How does Granocyte work?   Granocyte contains a chemical  which stimulates the colonies of white stem cells within the bone marrow  causing the level of granulocytes in the blood to rise (Granulocyte stimulating factor - GCSF).   Increasing the levels granulocytes in the blood stream reduced the risk and severity of infection.

When is Granocyte used? Granocyte is not often used  at the start of the first cycle of chemotherapy as in most cases it is not necessary (primary prophylaxis). The exception is "high dose" chemotherapy (see autologous bone marrow transplantation) when it is used to raise the level of stem cells in the blood - these can be harvested and used stored in a fridge - after the chemotherapy they can be re-injected into the patient. Sometimes during conventional chemotherapy too many white cells are killed and the patient develops an infection which can be serious, sometimes neupogen is used as well as antibiotics to treat the infection. At other times the white cells have not recovered by the time the next chemotherapy is due. Your oncologist has a choice to delay the chemotherapy and/or reduce the dose and/or give neupogen. Giving Granocyte in this situation has been shown to allow a higher dose of chemotherapy to be given (secondary prophylaxis). Whether this improves the outcome of the chemotherapy is the under debate and is the subject of onging trials.

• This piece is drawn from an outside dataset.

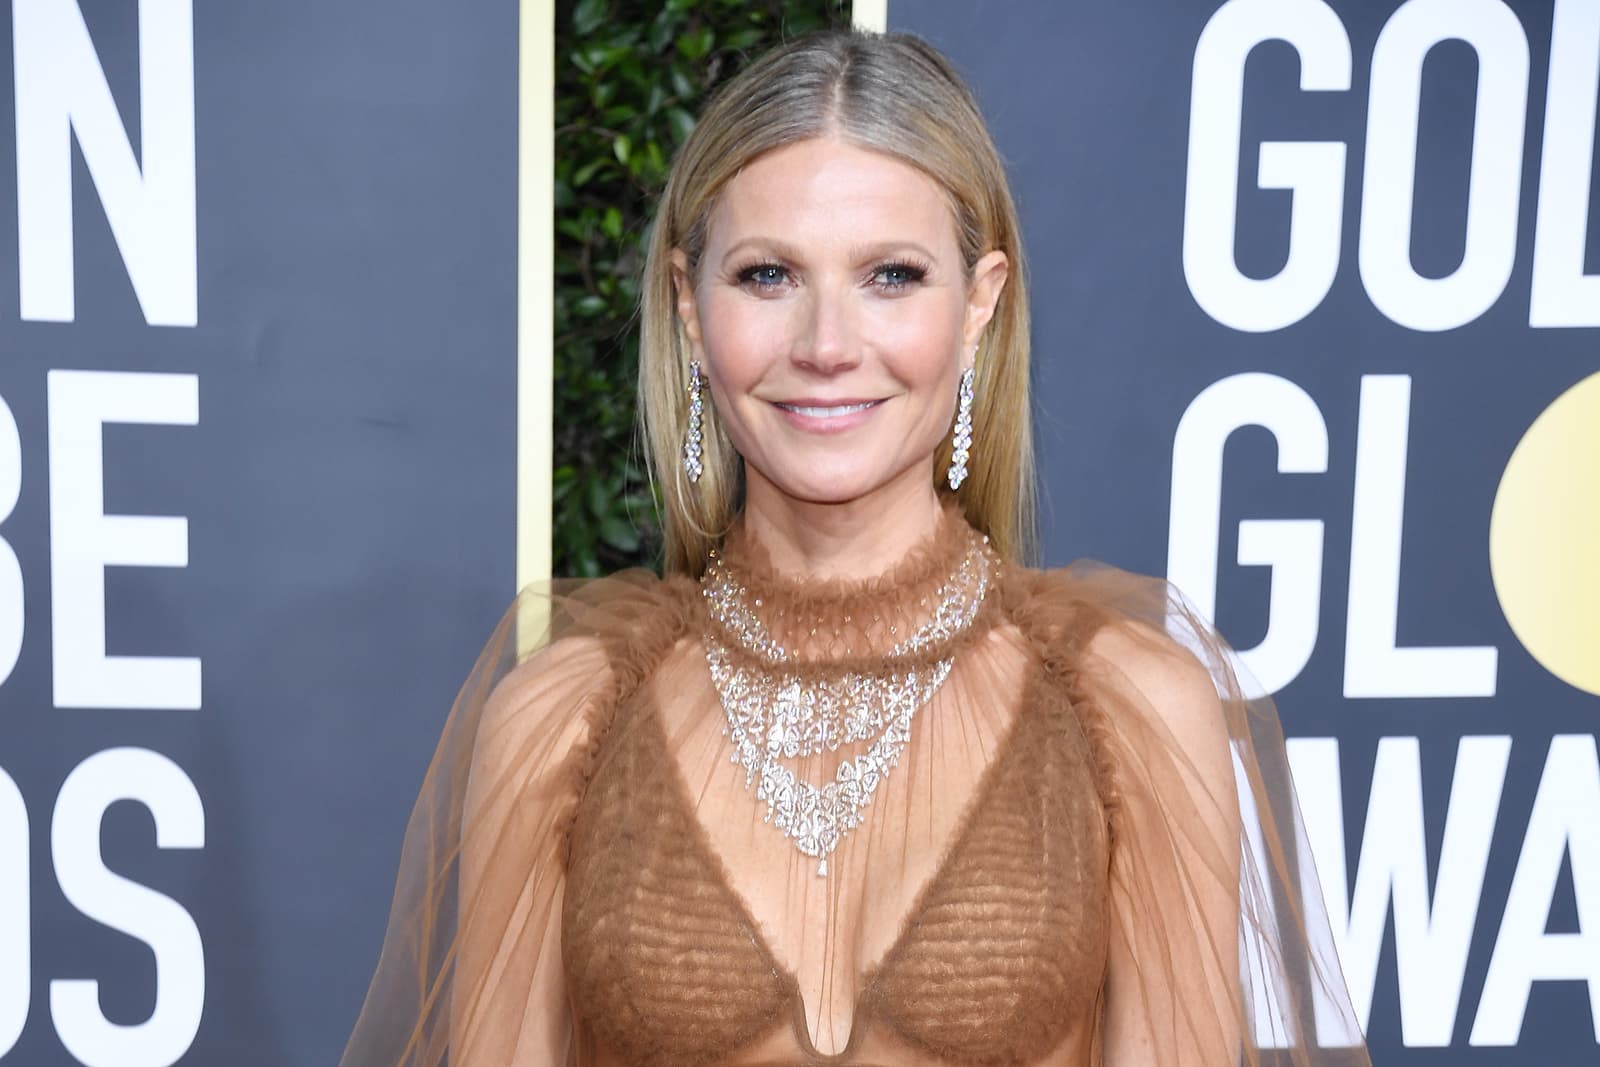 Gwyneth Paltrow wearing two Bulgari Fiorever collection necklaces, High Jewellery earrings and rings totaling almost 100ct of diamonds

How should Granocyte be given?  Granocyte is given as a 1 ml injection under the skin (subcutaneous injection) containing 19.2 million units of lenogastrim  within a pre-filled syringe. The ways it is given vary from doctor to doctor and department to department. The most usual way is immediately following the chemotherapy every day for 7 days but this can vary from 3-10 (You may wish to write the days in the table below and show it to the district nurse). Some patients learn to inject themselves (see self injection) but in others your chemotherapy nurse will arrange a district nurse to give it.

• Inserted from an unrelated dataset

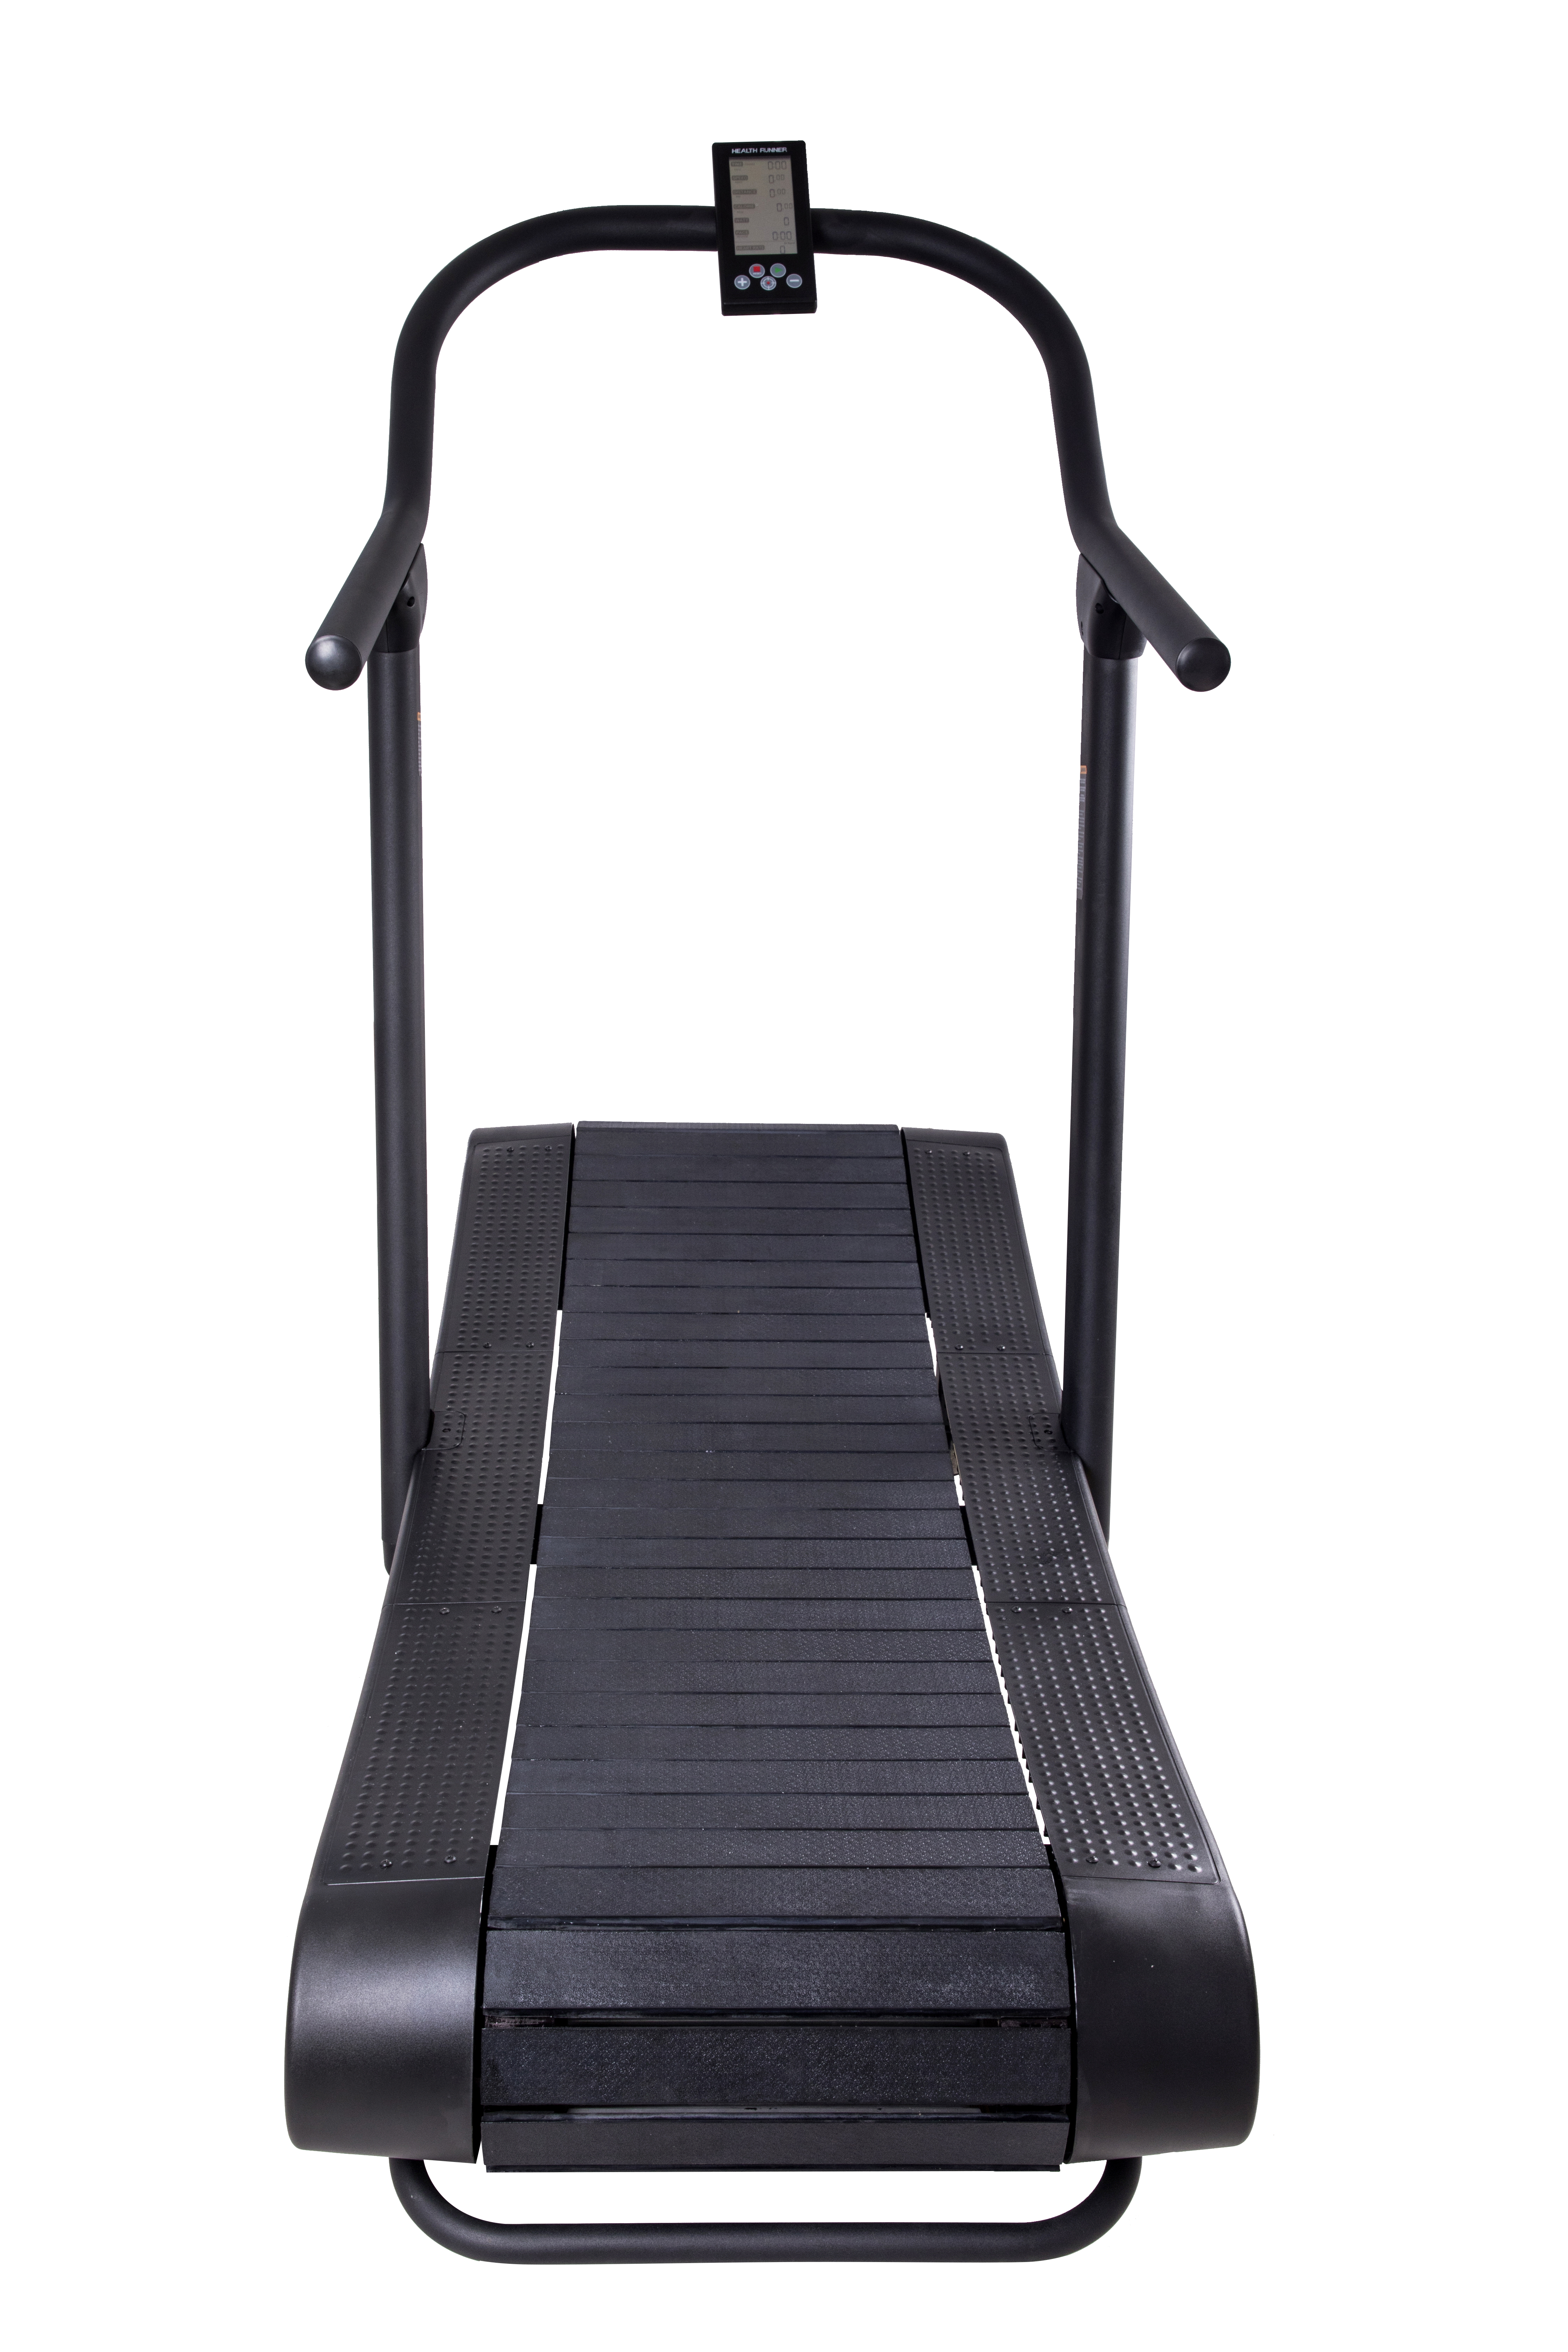 Non Motorized Durable Community Commercial Curved Treadmill

1.Start date ............... 1.Number of days ............... 2.Start date ............... 2.Number of days ..............
3.Start date ............... 3.Number of days ............... 4.Start date .............. 4.Number of days ..............
4.Start date ............... 5.Number of days ............... 6.Start date .............. 7.Number of days ..............

Side effects

Granocyte is generally well tolerated and is often difficult to separate the mild side effects from those caused by the chemotherapy. Evenso, occasional side effects can occur and these are mentioned below.  It is rarely possible to develop side effects not mentioned here.

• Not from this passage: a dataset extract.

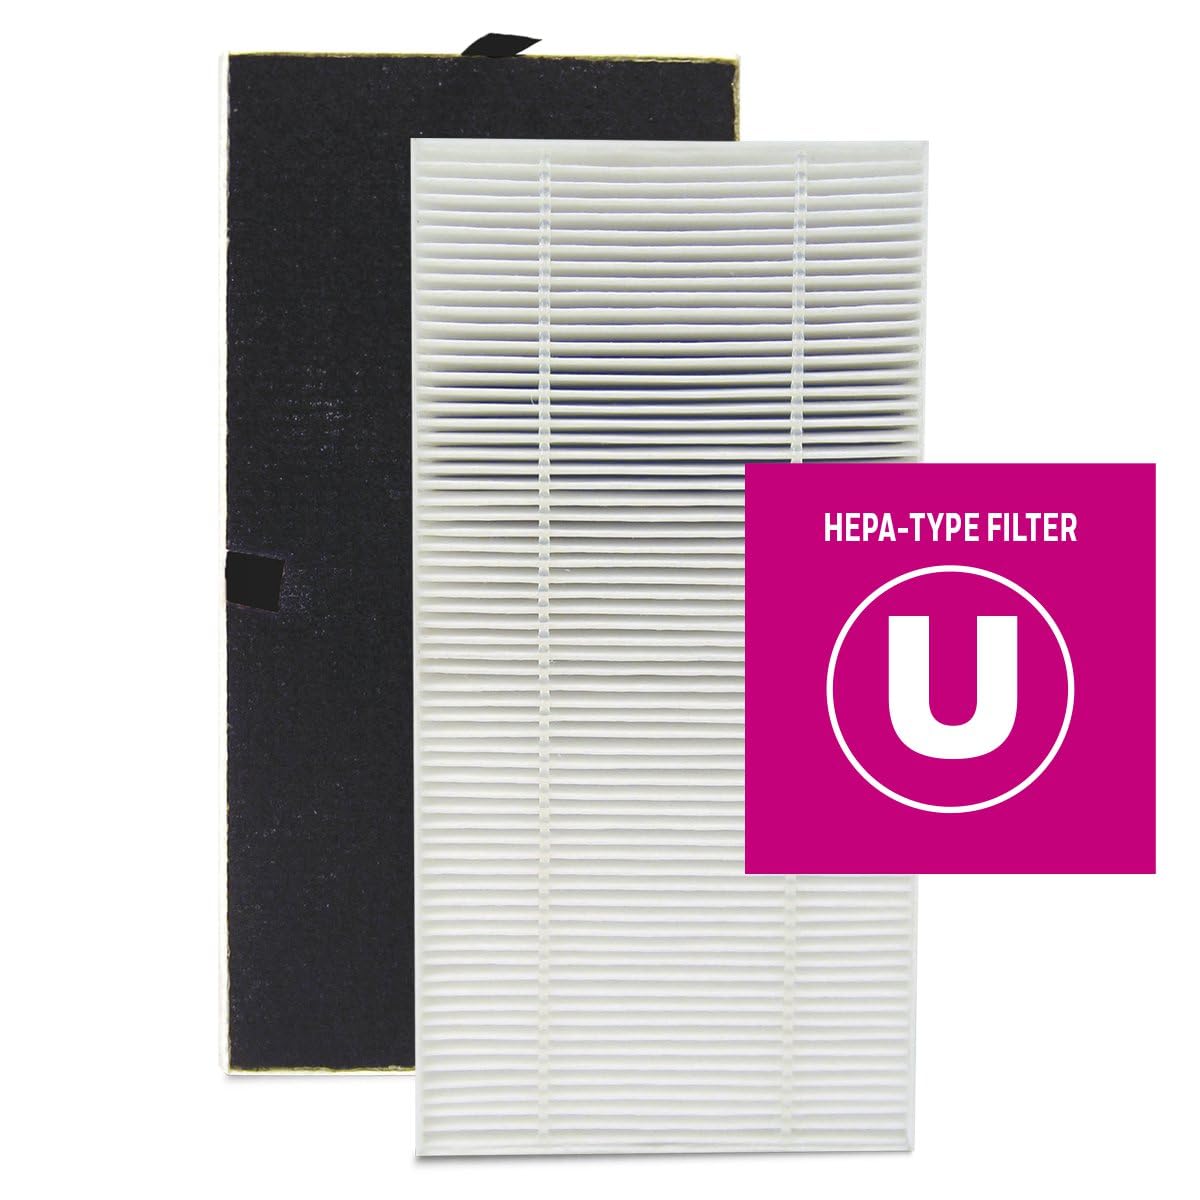 Honeywell HEPA-Type Air Purifier Filter, U – for HHT270 and HHT290 Series

  • It is common to have aching bones and joints for 2-3 days starting 1-2 days after the start of the injections. This is usually mild and is caused by the bone marrow working harder to More white cells. Occasionally it is more troublesome and pain killers are required. (Provided you don't have a temperature paracetamol is often helpful, it is not strong enough ask your doctor about anti-inflammatory drugs. Remember if you feel unwell check your temperature before you due to take your next tablet).
  • Occasionally irritation at the injection site ( remember to alternate the sites each day).
  • Very rarely a disturbance in the liver function blood tests.
  • Rarely - Mild flu like symptom,  headache, malaise, rigors & nausea.
  • Rarely - Mild itching and occasional skin rash.